А приятельство в понимании Ирмы — это отнюдь не уважение. Да, Карл симпатичен Тейтам, но он всем симпатичен, между тем любой и всякий не ведет его в туалет, даже не дожидаясь, пока тебя с ним познакомят. У Карла проблемы с мочевым пузырем, ну, так в этом нет никакой тайны; в сенате и законодательном собрании штата все знают об этом, как знают все политики и партнеры по бизнесу и друзья семьи, но ведь они не обращаются с ним, как с малым ребенком, который может намочить штаны, если не пописает сразу, как выйдет из машины после одиннадцатимильной поездки. У самой-то Ирмы никаких позывов не было, но миссис Тейт сразу потащила ее наверх, где ей пришлось делать вид, что она восхищена простой мебелью цвета слоновой кости, и шезлонгом, и гардеробной Тейта, а также самой миссис Тейт, а когда она зашла-таки в туалет, первое, что бросилось в глаза, было изображение писающего мальчика-француза и изображение девочки-француженки, на которой ничего не было, и даже корпус повернут так, что видно все, что у нее там внизу имеется.
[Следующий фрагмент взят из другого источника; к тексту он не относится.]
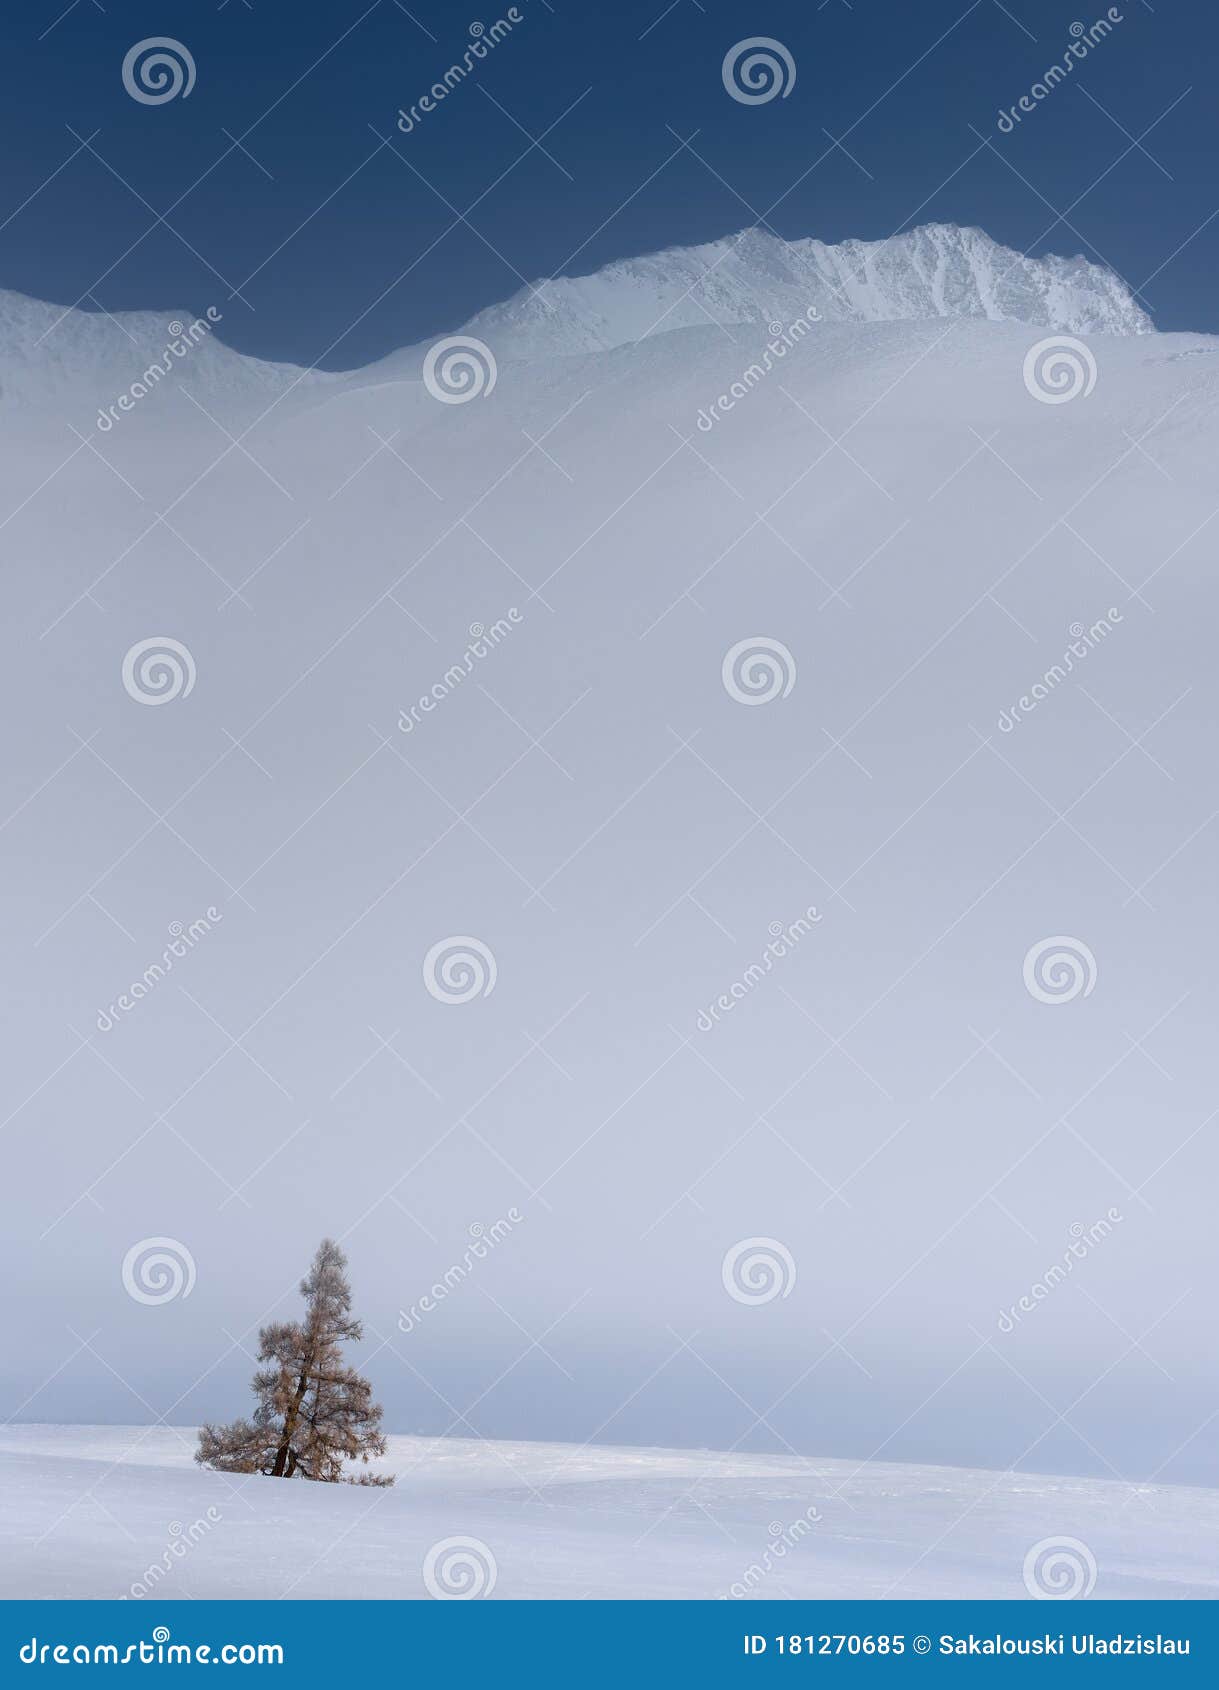 kurai ridge, western siberia, russia. lonely yellow larch tree on the background of foggy rocky altai mountains and cloudless blue

Картинки в туалете, подумать только!
Ирма не считала, что картинки в туалете — это знак неуважения к ее мужу-губернатору, но когда Грейс взяла Карла под руку, она вдруг с ужасом подумала, что миссис Тейт сама могла позировать для рисунка, изображающего девочку. А что, Грейс Тейт и натурщица вполне могли быть одного роста и веса. Ну да ладно, натурщица не натурщица, но Грейс Тейт явно не видела ничего зазорного в том, чтобы повесить у себя дома картину, изображающую женщину, у которой снизу все видно. И это даже не искусство; искусство низа не показывает. И если эта женщина не видит ничего зазорного в картинках такого рода, то она не из тех женщин, которых Ирме Дункельбергер хотелось бы видеть идущими под руку с ее мужем. Сегодня вечером Тейты, естественно, пригласят гостей на ужин, и когда женщины пройдут в туалет, первое, что им бросится в глаза, будет эта картинка, и они сразу подумают о Грейс, а потом о Карле, когда он расхаживал по усадьбе под руку с Грейс.